J.R. Johnson

One-Tenth of the Nation

Anti-Negro School Strikes

(15 October 1945)


From Labor Action, Vol. IX No. 42, 15 October 1945, p. 3
Transcribed & marked up by Einde O’Callaghan for the Marxists’ Internet Archive.


The clashes between white and Negro school children in Chicago, Gary, Ind., and New York are merely tentative sparks of the tension in race relations. The book of Scripture says that a little child shall lead them. But there is no doubt whatever that in this case the children are being “led.”
 

Behind the Youth

In Chicago the number of white children on strike is 1,200. Where did these youth learn to undertake this ORGANIZED hostility to Negroes? In Gary, most of the strikers’ parents are members of an all-white Parents and Teachers Association which two years ago was refused affiliation to the National Parents and Teachers Association because of its racial basis.

The Civil Liberties Association of Chicago states that the agitation is inspired by employers in the steel industry who wish to divide white and black workers, particularly in view of the pending negotiations over wages in the industry.

The Gary Civil Liberties Committee charges that the all-white inspirers of the anti-Negro agitation in Gary have been encouraged by the slow and indifferent response of the authorities. The principal of the school involved in New York claims that the stories in the New York papers were “smears” and hopelessly exaggerated the actual occurrences. If even these statements are true, they do not touch the root of the question. That capital foments racial strife to divide the workers is not new. That in many areas the municipal authorities either directly or indirectly side with the whites against the Negroes is a fundamental feature of the Negro problem.

Newspaper writers always have exaggerated incidents which they think lend themselves to catching the eye and holding the attention off the jaded reader.
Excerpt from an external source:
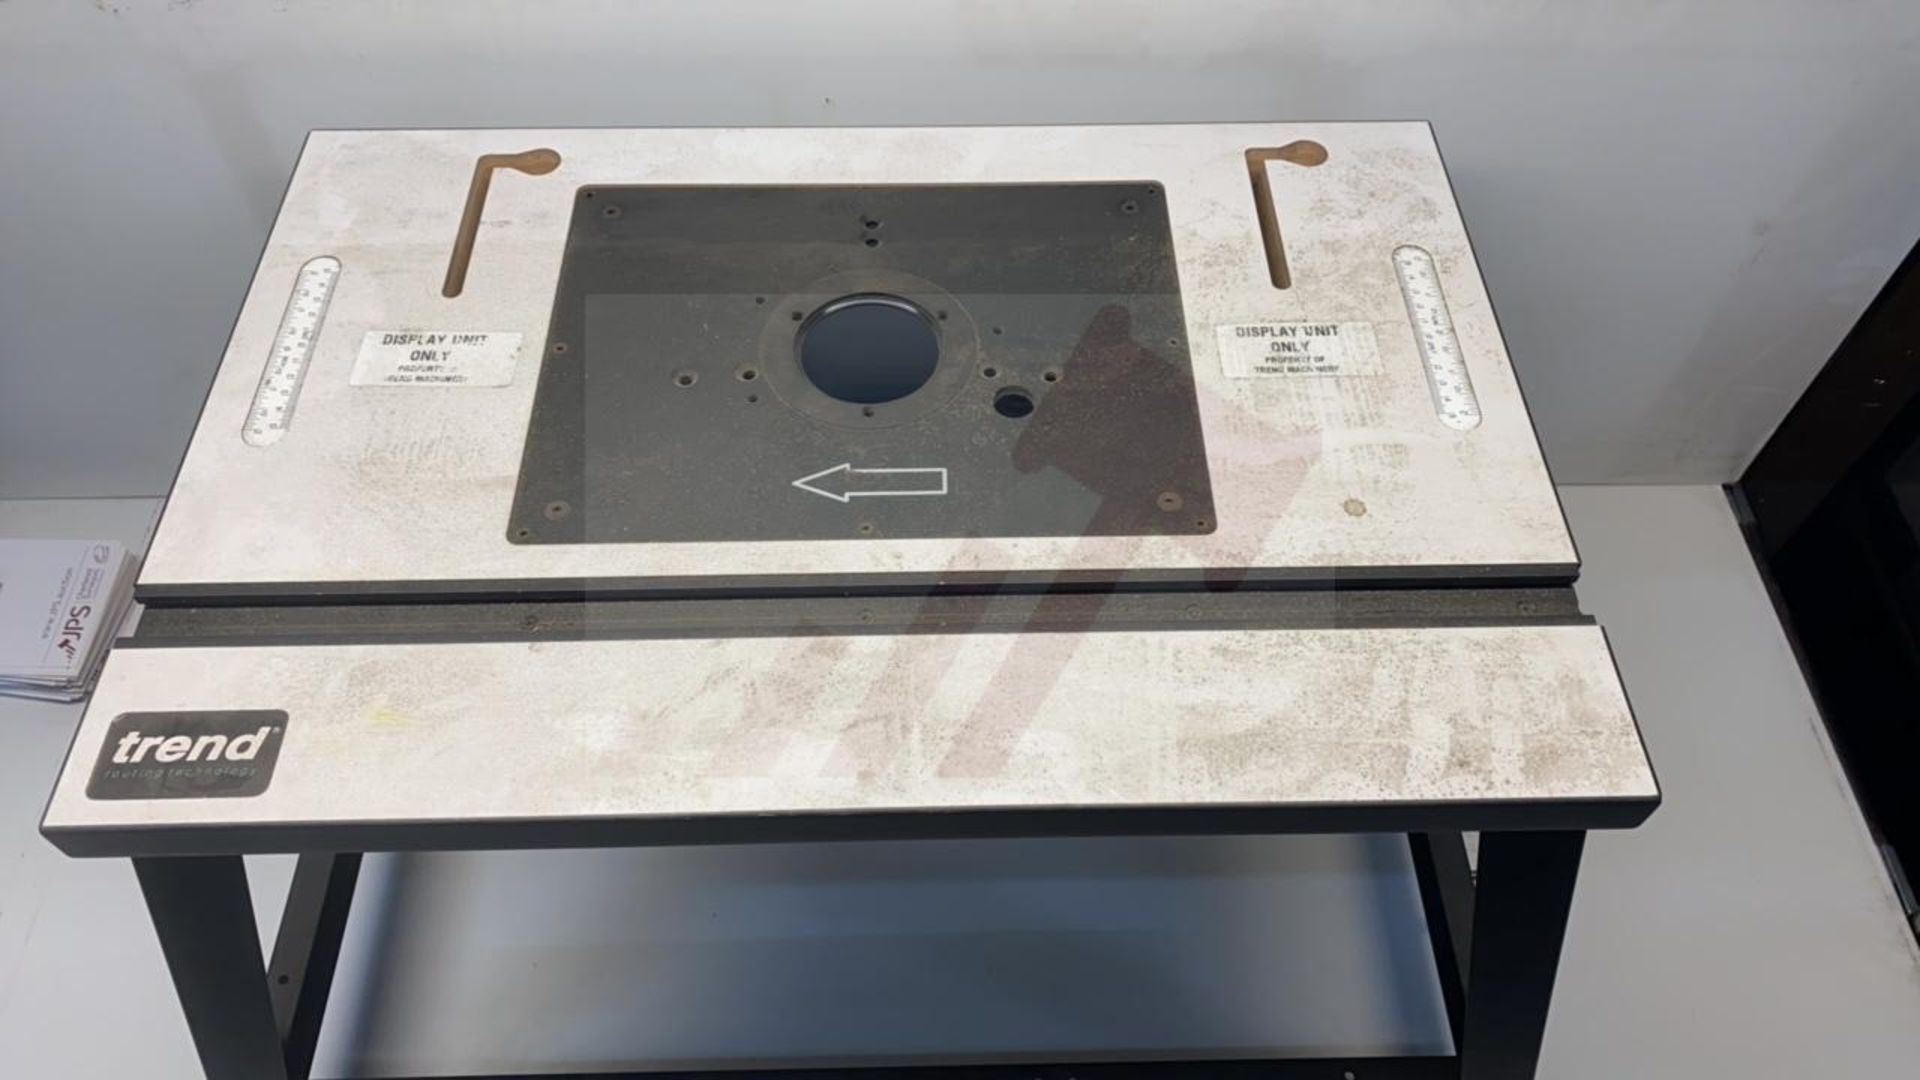 Trend CRT/MK3 240v CraftPro Router Table MK3, Base Only, Missing Parts As Seen In Photos - Image 2 of 5

What is important is that this racial flare-up is taking place in the two most important and largest cities of the nation. Still more important is the fact that observers of both areas have repeatedly in the recent period pointed to the growing tensions. One of Chicago’s leading Negro citizens has stated categorically to the press that everybody knows that Chicago is heading toward a race riot. There is once more to be observed in New York the same strained tensions which preceded the outburst in the summer of 1943. Anti-Negro agitators use this racial tension. They do not create it.
 

Negroes and V-J Day

In Harlem, for example, the demeanor of the Negroes on V-J Day was striking in its sobriety, its universal recognition of the fact that a new period had begun for Negroes. Full of memories of the last war, the Negroes recognized that the gains they had made in industry were now in jeopardy, that unemployment was going to hit them, harder than all other sections of the population, that among the upheavals which the postwar period would bring, racial clashes would take a high place. Behind all this is the determination not to put up with the old situation, to mobilize all resources and tight for the rights of democracy.

Among the Negro youth in particular, except in the South, there is an almost unanimous sentiment that they will not tolerate being pushed around simply because they are Negroes. The Civil Liberties Association of New York reported a few weeks ago that stories and protests dealing with racial discrimination exceeded all others in the press of the nation so far as civil liberties were concerned. It is more than probable that at least two books dealing with the Negro question were among the dozen best sellers during the past two years. The Negro question is not a Southern question any more. Capitalism expanding for the war has multiplied and intensified all its antagonisms and contradictions.
 

Labor’s Urgent Task

To accuse capitalists of fomenting anti-Negro agitation is not enough. They are able to do this because a condition exists. Labor’s task is not only to check the tricks and maneuvers of capital and its fascistic agents. Labor’s task is to remove the condition.

Labor’s task is to put an end to the Negro. question and this can be done only by a complete reconstruction of American society – the same type of reconstruction needed to abolish unemployment, the same type of reconstruction needed to lift the millions of poor farmers from rural isolation and backwardness.

This reconstructed society is socialism. It may seem a far cry from school children on strike to socialism. It is not. Those children, the coming generation, future citizens of New York and Chicago, are merely expressing in a highly significant apd symptomatic manner one of the heavy curses with which they are burdened by capitalism.